Wednesday, a suit was filed against the state for its new congressional map carved into existence at the legislative special session in January. That plan deliberately created two majority-minority districts, with residents who identify at least partially as black holding narrow majorities, out of the six. It replaced a map with a single M/M district in a state where just about a third of residents identified as at least partially black that was under litigation with Middle District of Louisiana judge Shelly Dick, a Democrat former Pres. Barack Obama appointee who showed little patience for the existing map with her threatening to impose her own two M/M map as a result of a rushed ruling in 2022.

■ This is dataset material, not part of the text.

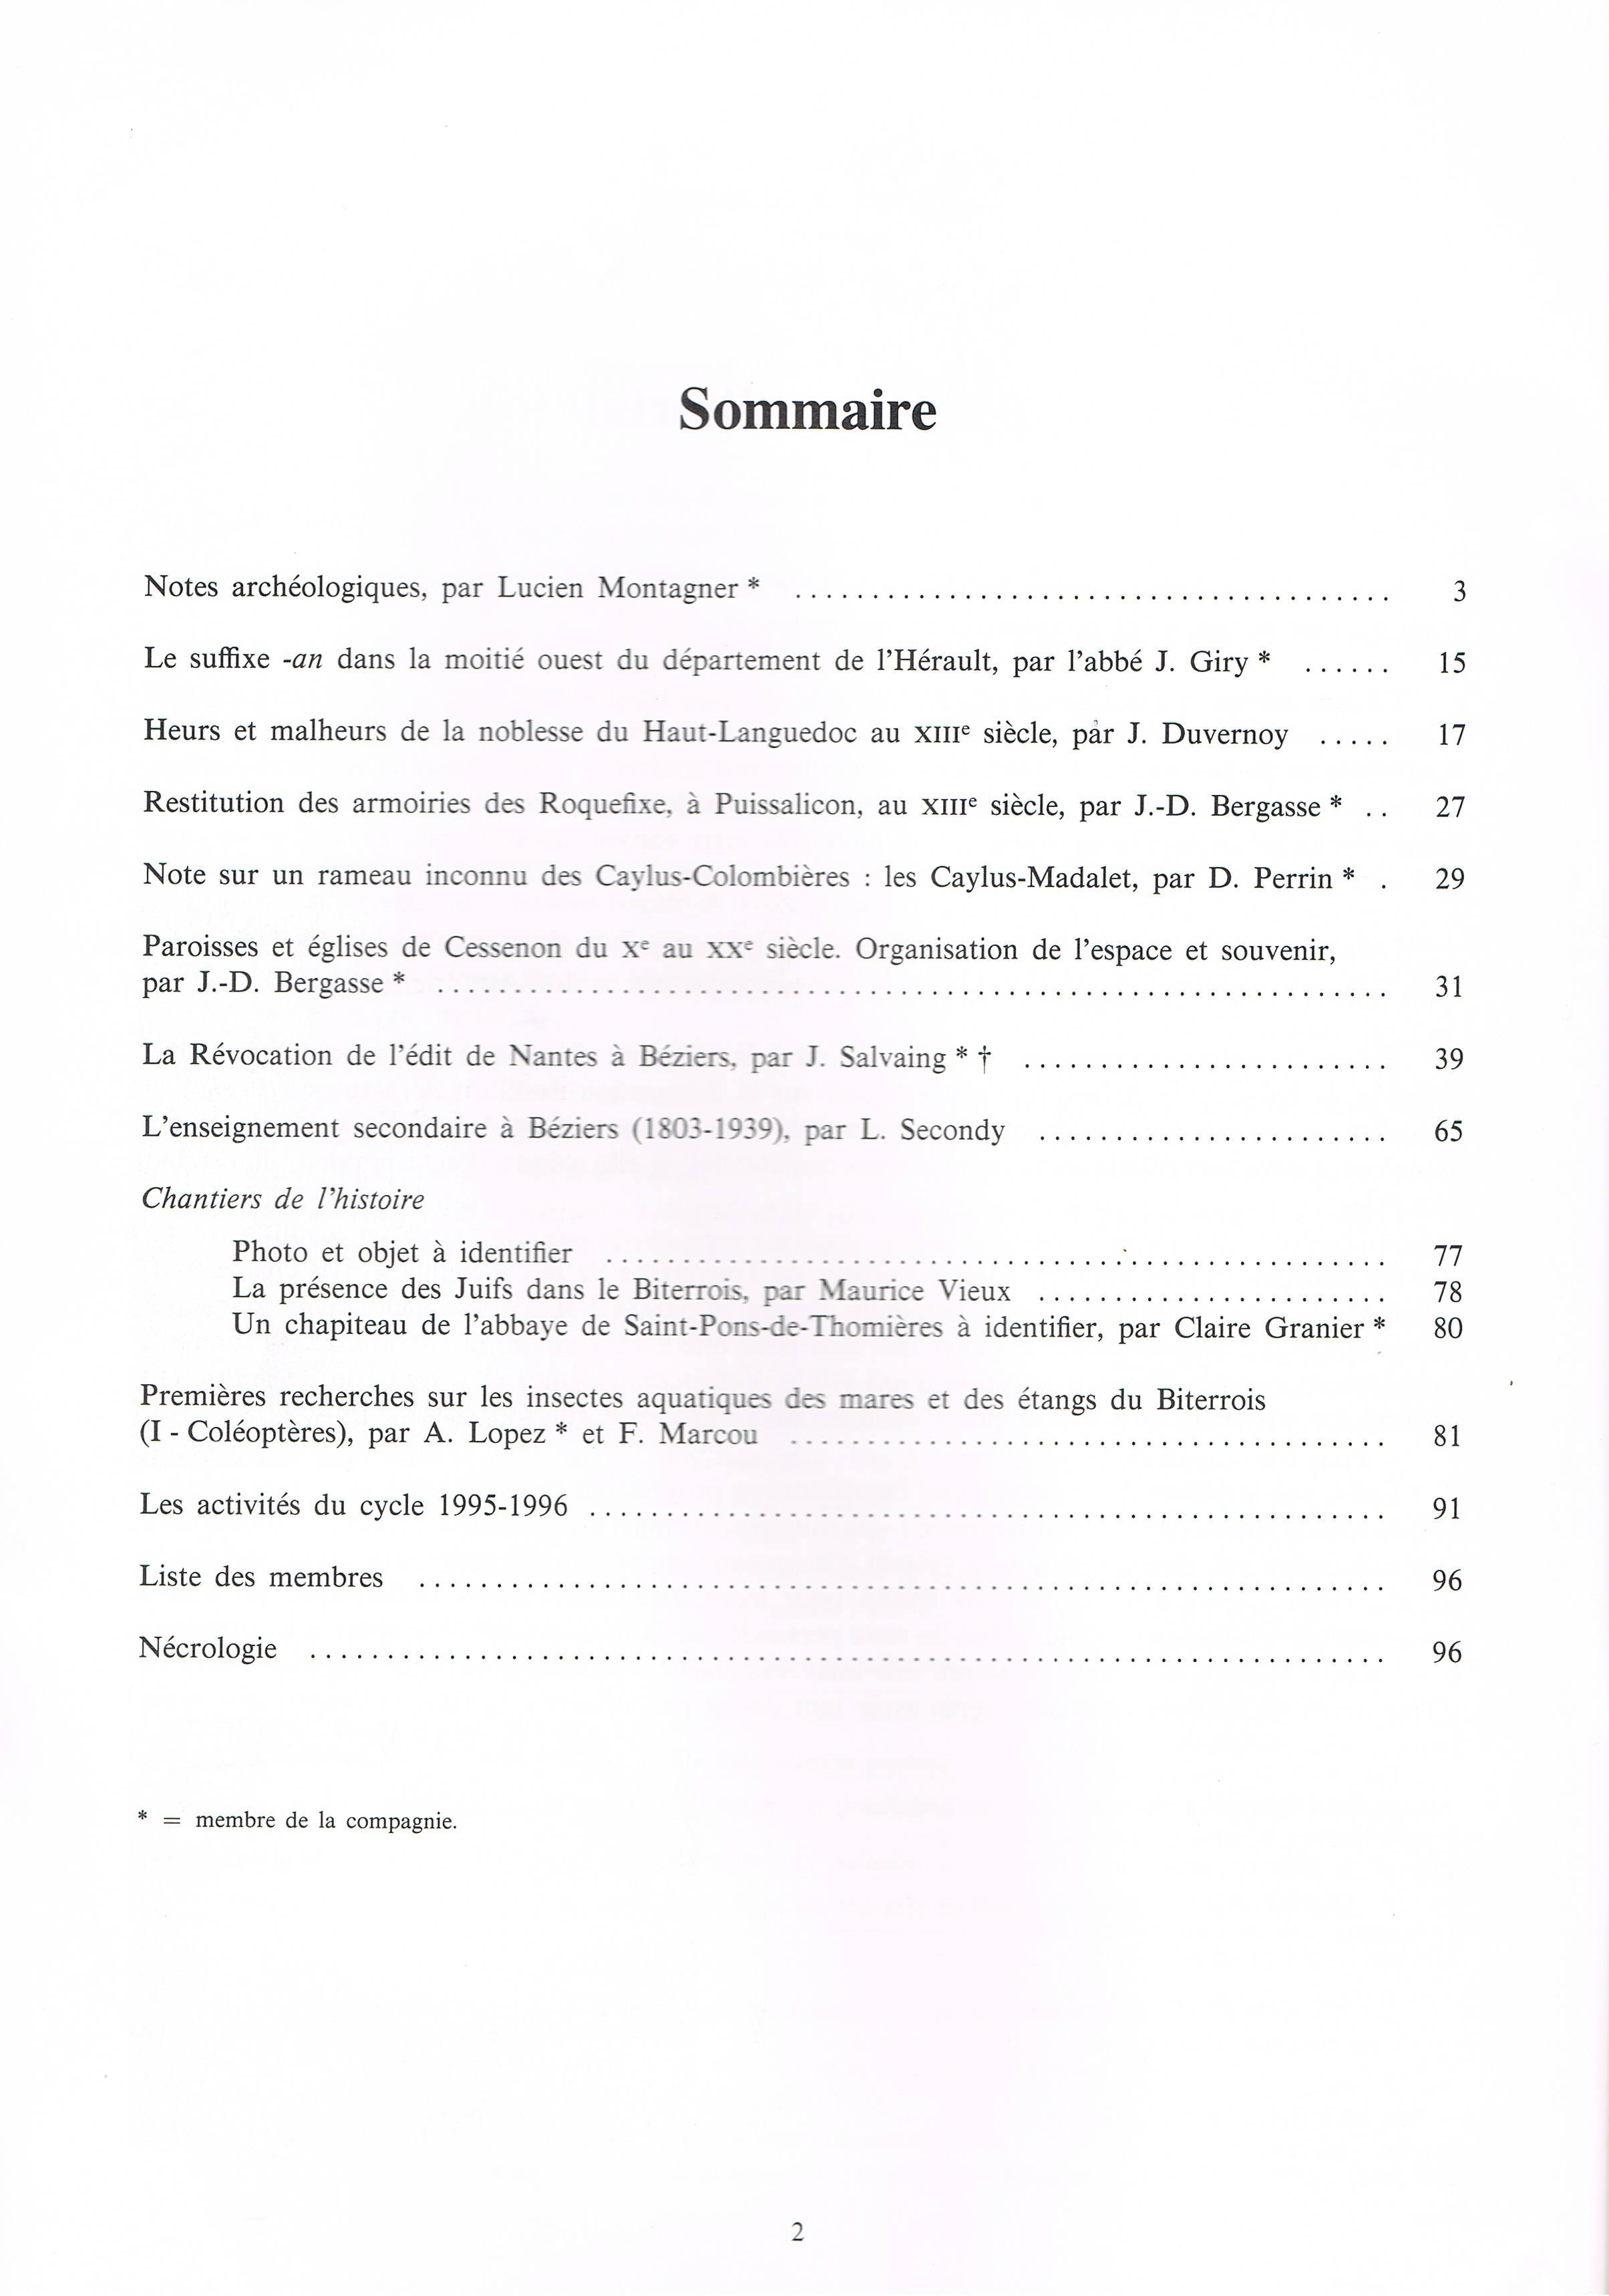 Bulletin_1995_1996_sommaire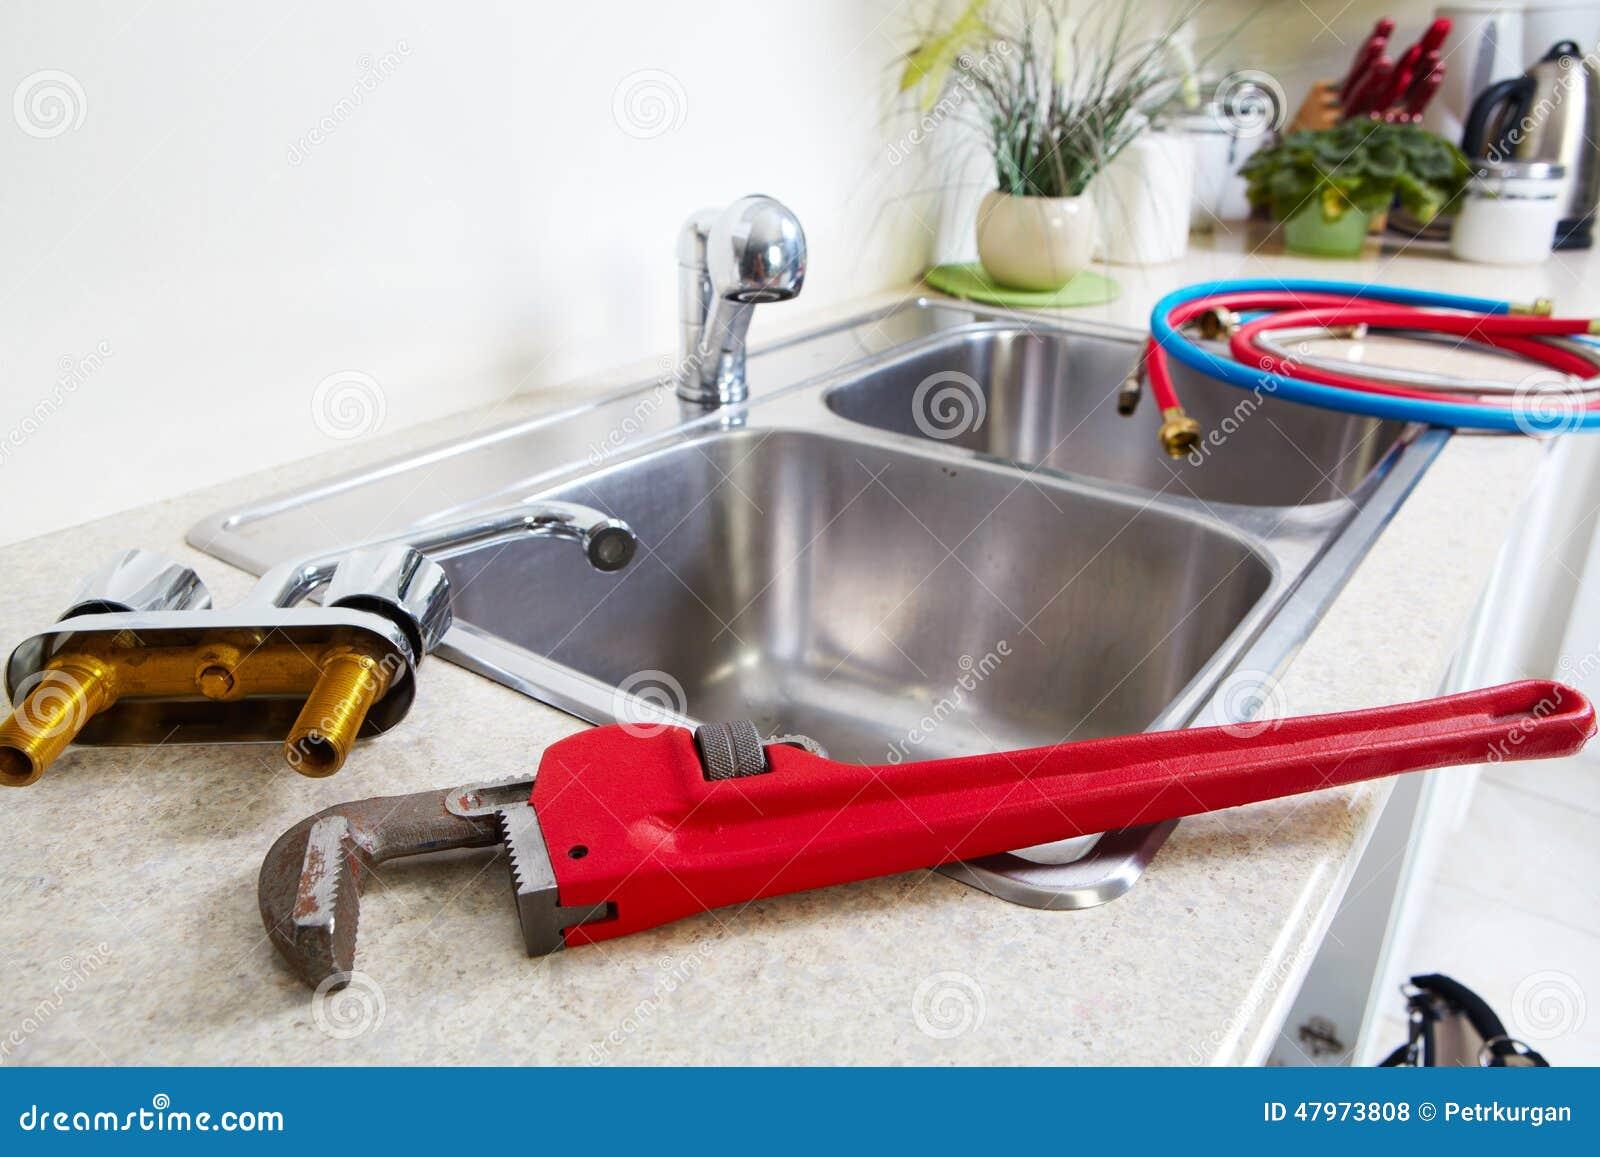 Küchen-Wasserhahn Und -wanne Stockfoto - Bild von wohn, innen: 47973808

That decision became bolstered by the U.S. Supreme Court's Allen v. Milligan ruling last year, which consented to a special three-judge panel in Alabama, which had a black population of about a quarter, that determined a one-of-seven M/M plan by the state violated Section 2 of the Voting Rights Act. That ruling gave preference to race as a means of reapportionment over other principles such as compactness, contiguity, and community of interests preserved, by injecting race as something defining a community's interest.
The problem for Louisiana was the solution stumped for by Republican Gov. Jeff Landry and GOP legislative majorities looked awfully similar to the map invalidated in Hays v. Louisiana three decades ago, except drawn with six districts instead of seven. The compliant draws attention to that, perhaps not surprisingly as the same lead lawyer in that case headlines the just-filed Callais v. Landry.
No surprise as well that the filing savages the current map, drawing attention to characteristics that make it no more constitutional, if not even less so, than the rejected map back then. It piles on that the 2022 map so criticized by Dick even fares better than the 2024 map on certain quantifiable criteria of quality. In passing, it makes clear leftist critics of the 2022 map who hypocritically swooned over the 2024 map by that reaction ratify the fact that race had a predominant role in the latter's construction, which clearly violated Hays' admonition that race cannot play such a role absent compelling circumstances obviously missing in this case.
Nor does the outcome of Allen look promising to salvage the new map. While the Supreme Court accepted the special panel's (these are required when an action is filed challenging the constitutionality of the apportionment of congressional districts or the apportionment of any statewide legislative body) reasoning to invalidate the previous one-of-seven M/M plan, it thereupon produced a new map that explicitly rejected a two M/M plan in favor of one also a single M/M plan except a second district was created as a generous "opportunity" district or one with a black plurality (which had a 47 percent black proportion; a previous state attempt to create one at 40 percent the panel turned away). This map's districts score well on compactness and contiguity, plus separate more communities of interest than both of Alabama's rejected plans but not to absurd lengths.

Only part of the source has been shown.